A ideia era ter os gravadores físicos de volta conforme as viagens da nave Space X Dragon ocorressem, mas depois da explosão onde ela acabou sendo perdida a imagens ficaram “ilhadas” na Estação e foi preciso achar uma solução.

Para isso Marsha Irvins uma espécie de guru do projeto e cinco vezes astronauta nos ônibus espaciais trabalhou em conjunto com a NASA e a CodeX para criar um protocolo de acesso remoto ao conteúdo 4K na Estação, assim foi possível transferir os arquivos sem perdas para a Terra.

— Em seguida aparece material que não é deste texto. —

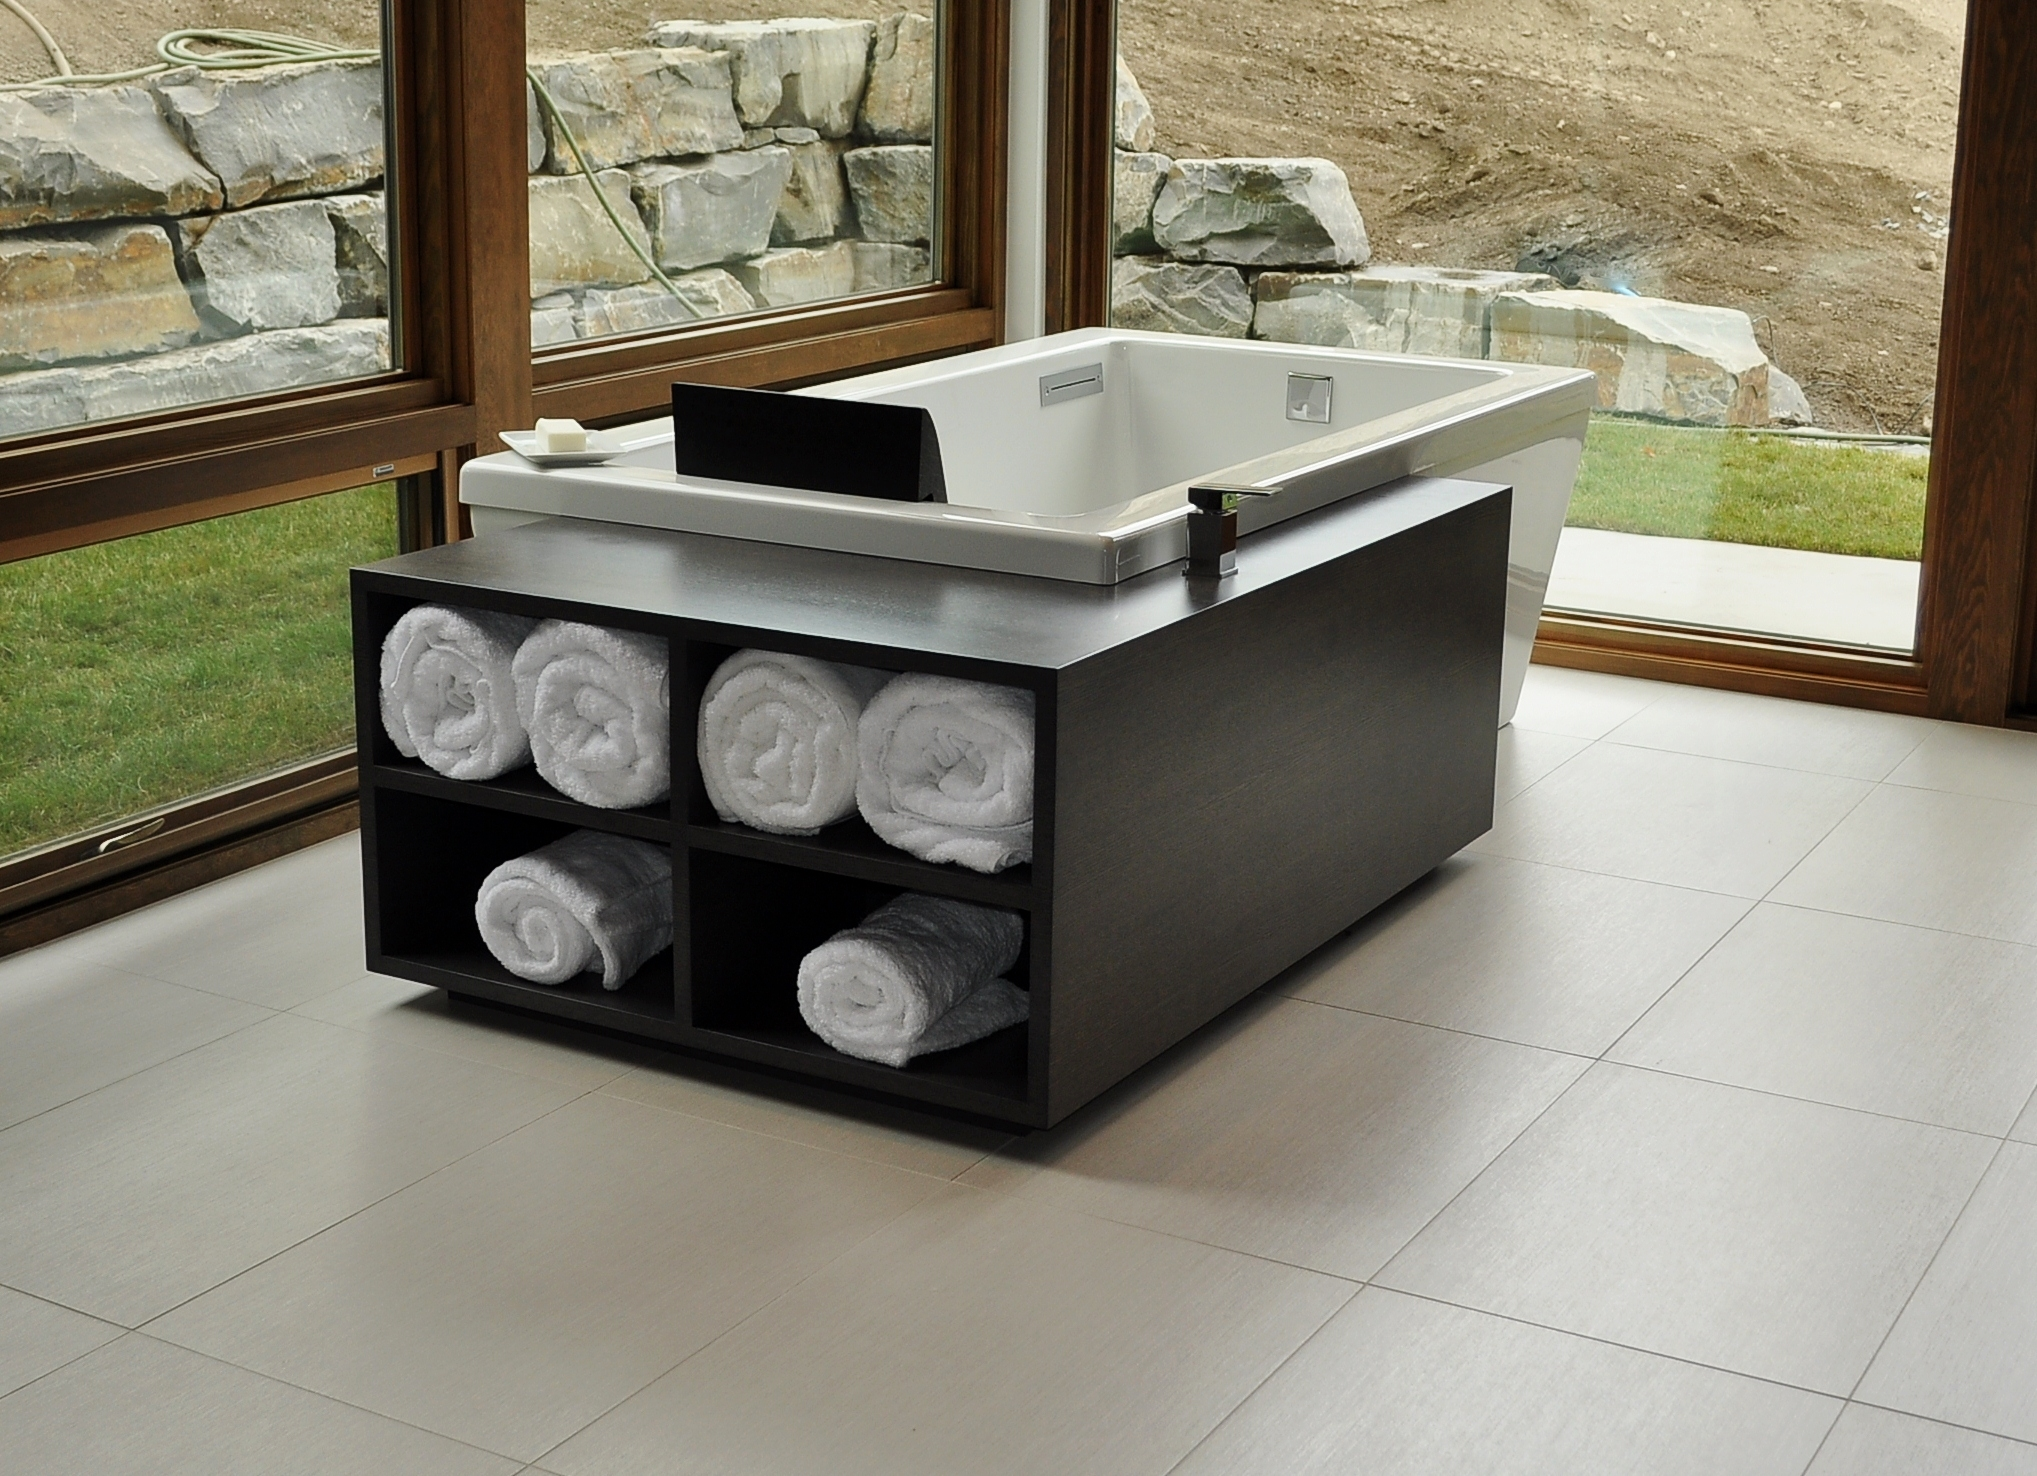 stained-white-oak-custom-wood-tub-surround-open-storage.jpg.JPG

A fotografia foi finalizada no meio de dezembro de 2015 e o color grade foi realizado por Brett Trider através do Autodesk Lustre na Technicolor Toronto. Segundo Neihouse pelo fato da C500 ter sido usada em interiores, a 1D C principalmente em planos da Terra e as GoPros e Phantom em ambientes muito diferentes, não houve grandes problemas na hora de compor as imagens em conjunto.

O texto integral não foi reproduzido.